The Story of INDOPCO: What Went Wrong in the Capitalization v. Deduction Debate?
Stanford Law School
TAX STORIES: AN IN-DEPTH LOOK AT TEN LEADING FEDERAL INCOME TAX CASES, Foundation Press, Forthcoming
This paper presents the story of INDOPCO v. Commissioner, 503 U.S. 79 (1992), the most recent decision in this volume, and, in part for that reason, the decision that is most frequently discussed in the tax world. A case such as Knetch v. United States exerts its influence subtly, in forming the basis for today's economic substance doctrine. Lawyers can (and do) debate the merits of that doctrine, and in so doing comment upon the Knetch decision, but the decision itself has faded into the background. INDOPCO, by contrast, is still very much alive. Industry has lined up an (anti) "INDOPCO Coalition," headed by the (former) IRS Commissioner who pursued the case; the government has recently issued INDOPCO regulations; the decision (and its aftermath) is discussed in today's tax and business journals. The case is important, then, for its practical significance. It is the most recent Supreme Court announcement on the deductibility of business expenses that do not produce or enhance tangible assets.
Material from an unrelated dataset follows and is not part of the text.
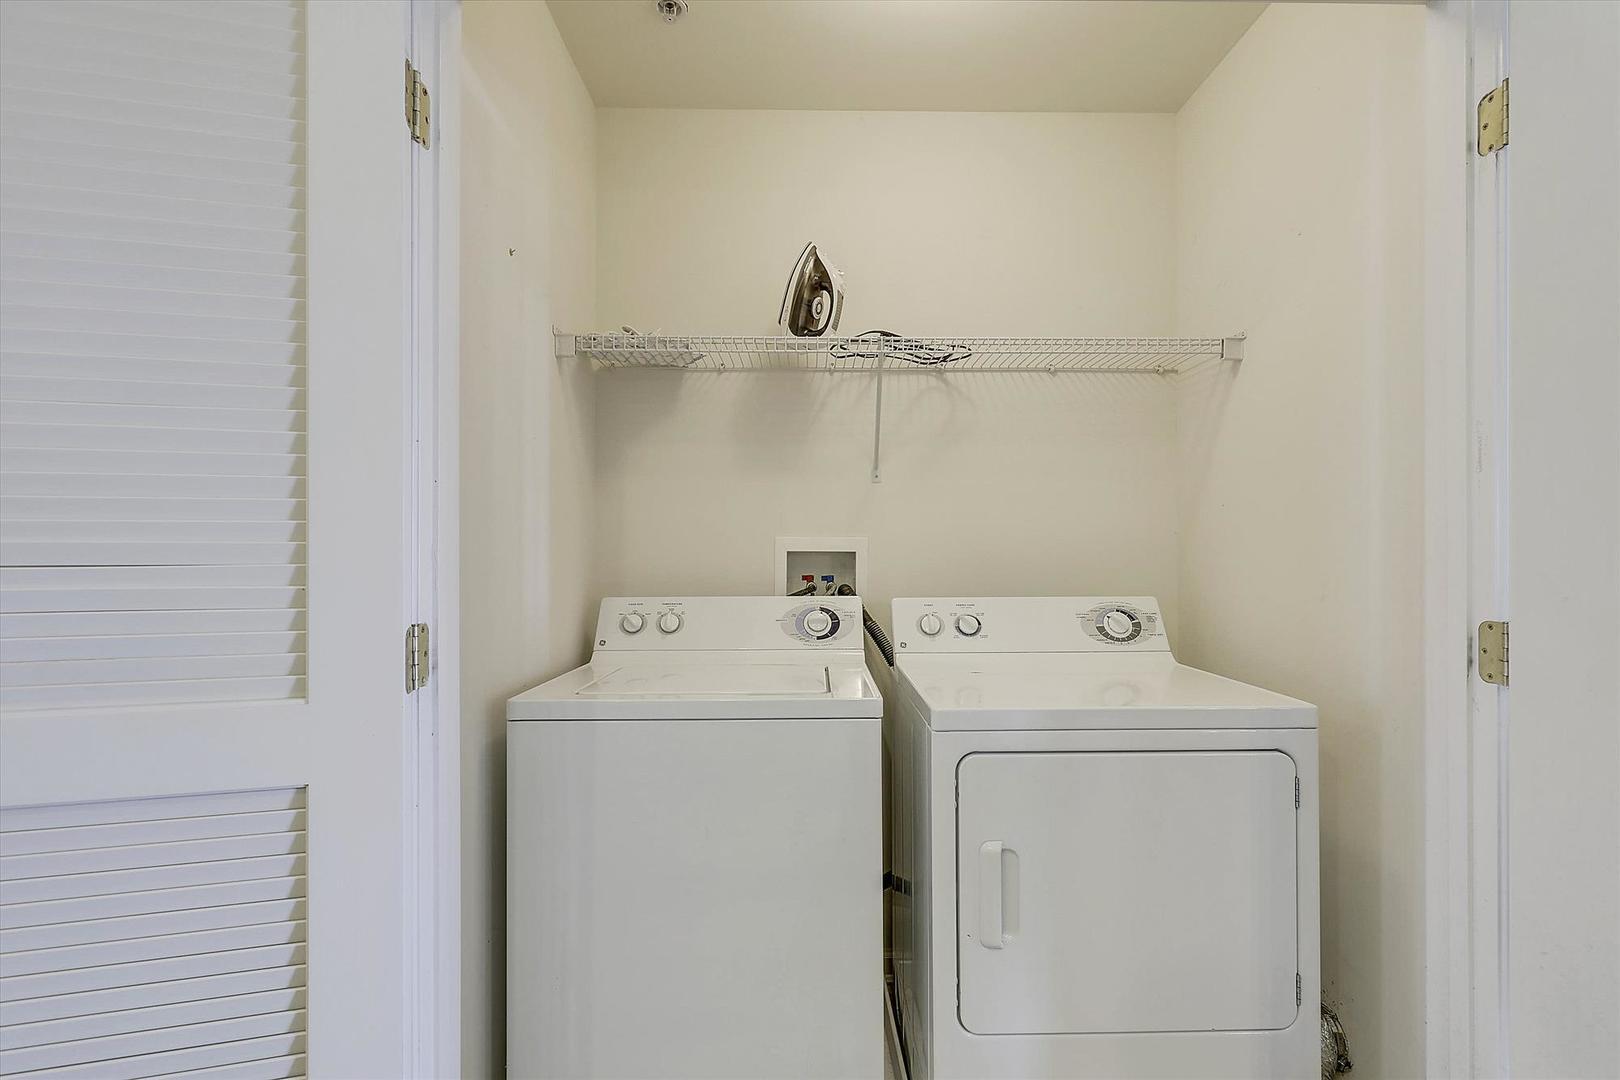 Sunset Island 37 FDW 5D - Laundry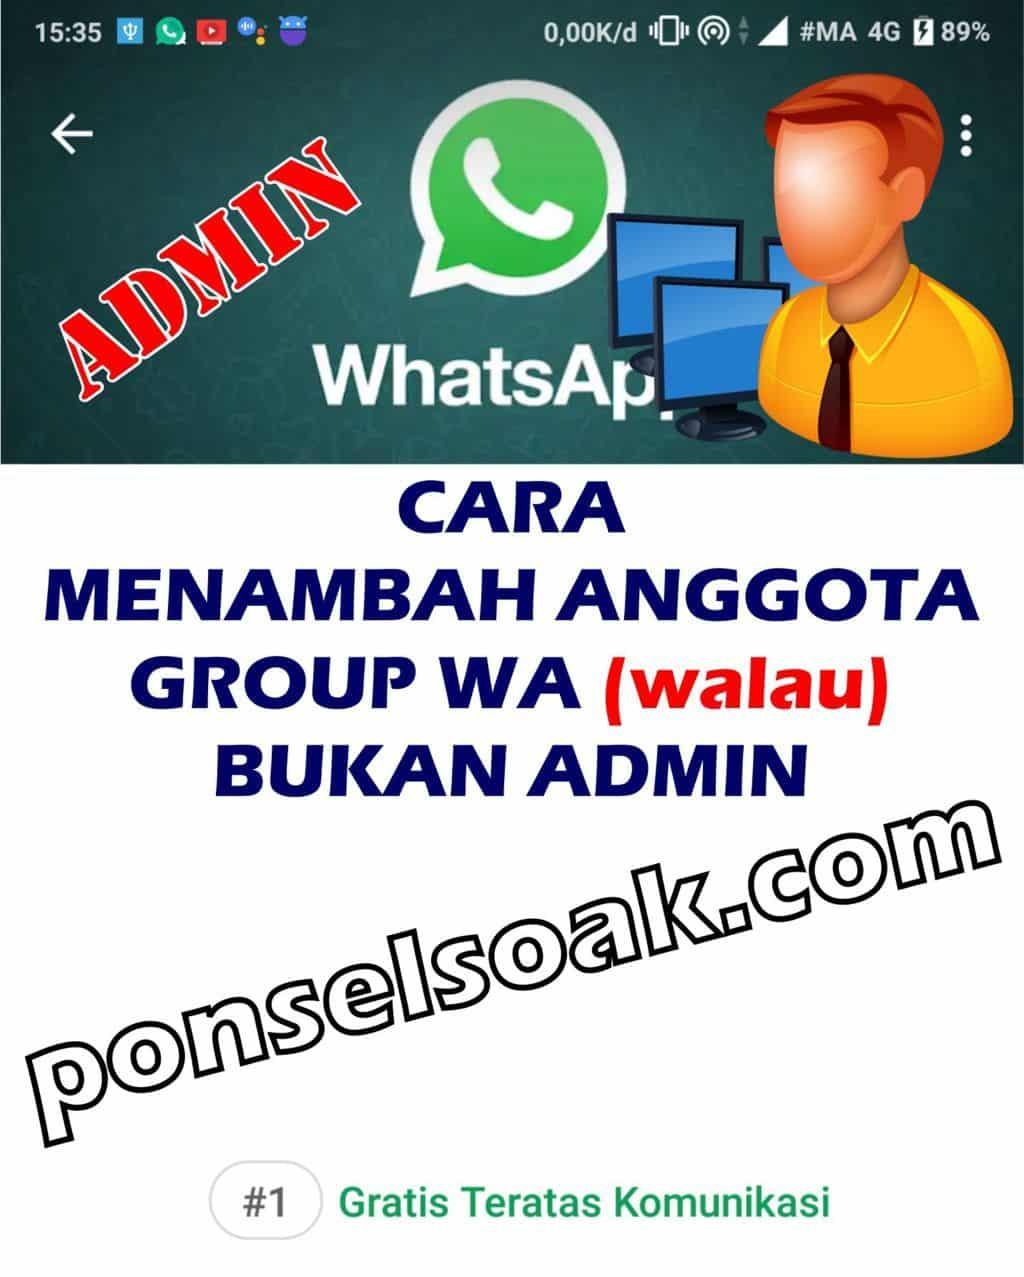 Cara Menambahkan Anggota Grup WhatsApp (Walau) Bukan Admin

In time, of course, INDOPCO will lie under, and help give shape to, newer cases and regulations. The case will be worth studying less for its practical import than the light it sheds on the administration of an income tax, or, more speculatively, any tax or set of rules shaped by the political process. The judge, legislator, or administrator must balance competing goals: uniformity, certainty, practicality and so on. In INDOPCO, that balancing act failed: the opinion in the case is widely seen as making a bad situation worse. What makes this failure particularly sobering is that the case fell into seemingly able hands. The opinion was written by the most knowledgeable tax jurist ever to sit on the Court and solicited by an administration whose leadership opposed everything the opinion came to stand for.
The paper will be published as a chapter in a book to be entitled Tax Stories: An In-Depth Look at Ten Leading Federal Income Tax Cases (Foundation Press, forthcoming 2002). Additional financial support for the project has been provided by the American Tax Policy Institute.